Mikail Maden

Personal information
- Full name: Mikail Maden
- Date of birth: 17 January 2002 (age 24)
- Place of birth: Bergen, Norway
- Height: 1.82 m (6 ft 0 in)
- Position: Midfielder

Team information
- Current team: Esbjerg fB
- Number: 8

Youth career
- 0000–2019: Brann
- 2020–2021: Schalke 04

Senior career*
- Years: Team / Apps / (Gls)
- 2018–2019: Brann 2 / 15 / (2)
- 2021: Schalke 04 / 1 / (0)
- 2021–2022: Schalke 04 II / 22 / (0)
- 2022–2023: Fredrikstad / 8 / (0)
- 2024–: Esbjerg fB / 74 / (9)

International career^{‡}
- 2017: Norway U15 / 2 / (0)
- 2018: Norway U16 / 11 / (0)
- 2018–2019: Norway U17 / 9 / (0)
- 2019: Norway U18 / 3 / (0)
- 2021: Norway U20 / 2 / (0)

= Mikail Maden =

Norwegian footballer (born 2002)

Mikail Maden (born 17 January 2002) is a Norwegian footballer who plays as a midfielder for Danish 1st Division side Esbjerg fB.

==Career==
Maden made his professional debut for Schalke 04 in the Bundesliga on 13 March 2021, coming on as a substitute in the 85th minute for Amine Harit against VfL Wolfsburg. The away match finished as a 0–5 loss.

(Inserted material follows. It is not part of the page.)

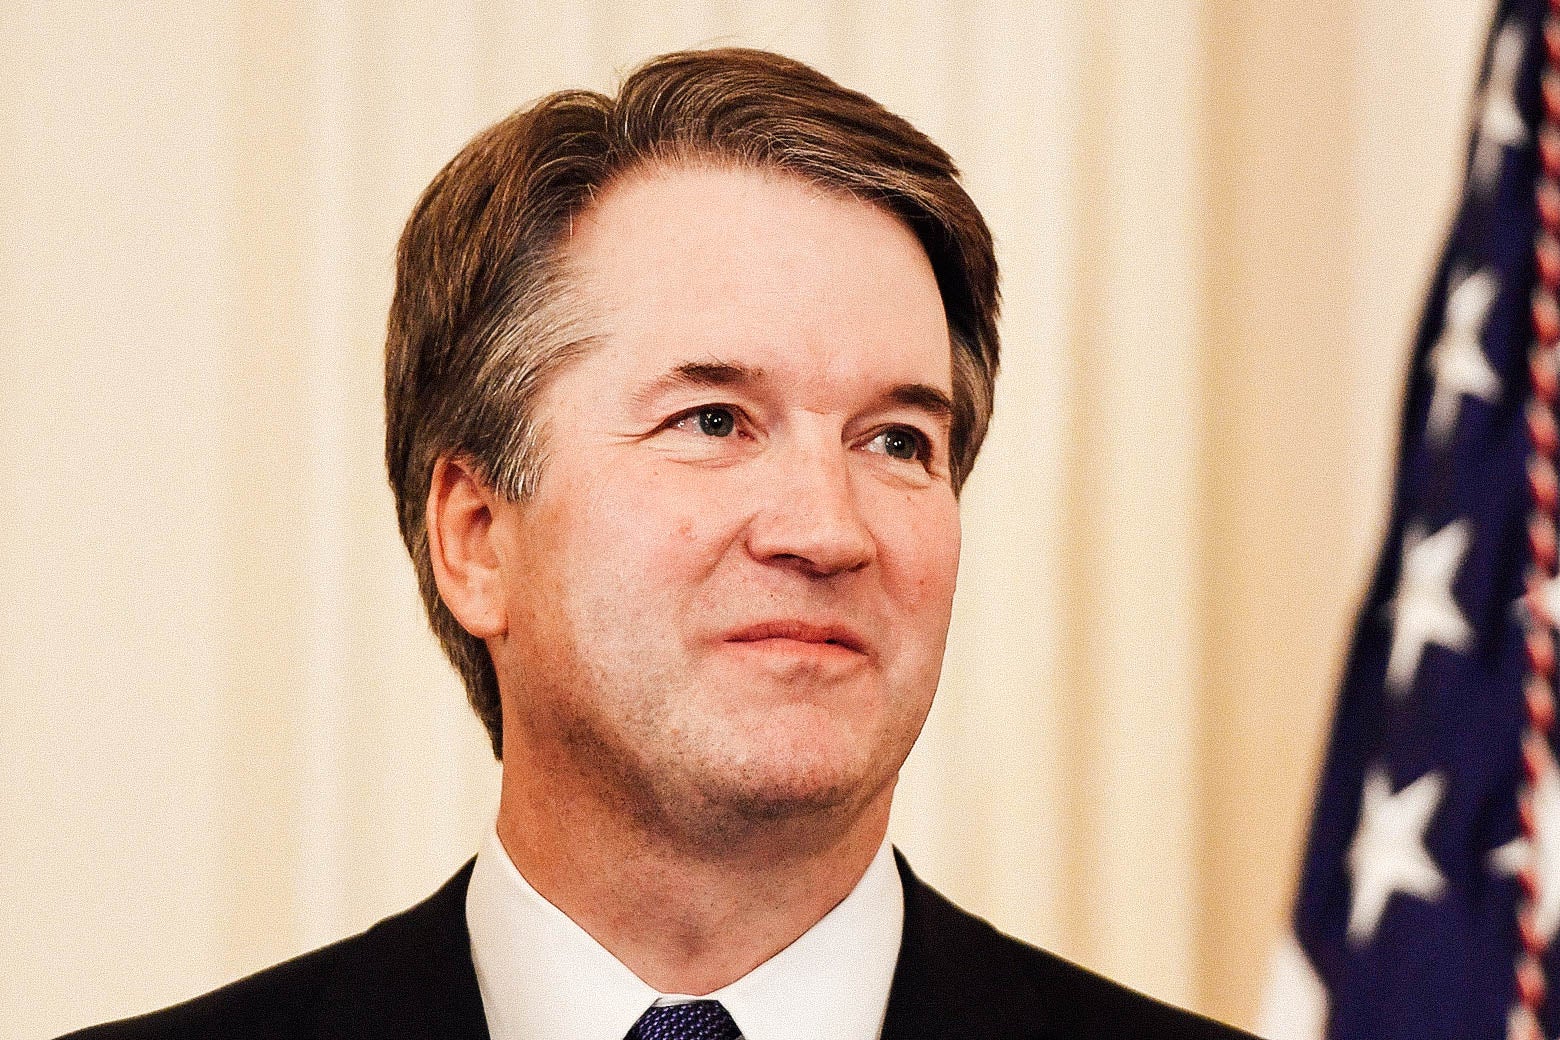 Brett Kavanaugh looks on as Donald Trump announces him as his nominee to the Supreme Court.

At the end of February 2024, Maden joined Danish 2nd Division side Esbjerg fB on a deal until the end of the season. After 3 goals and 3 assists in 16 games, and promotion to the 2024-25 Danish 1st Division, Maden signed a new two-year contract with Esbjerg in June 2024.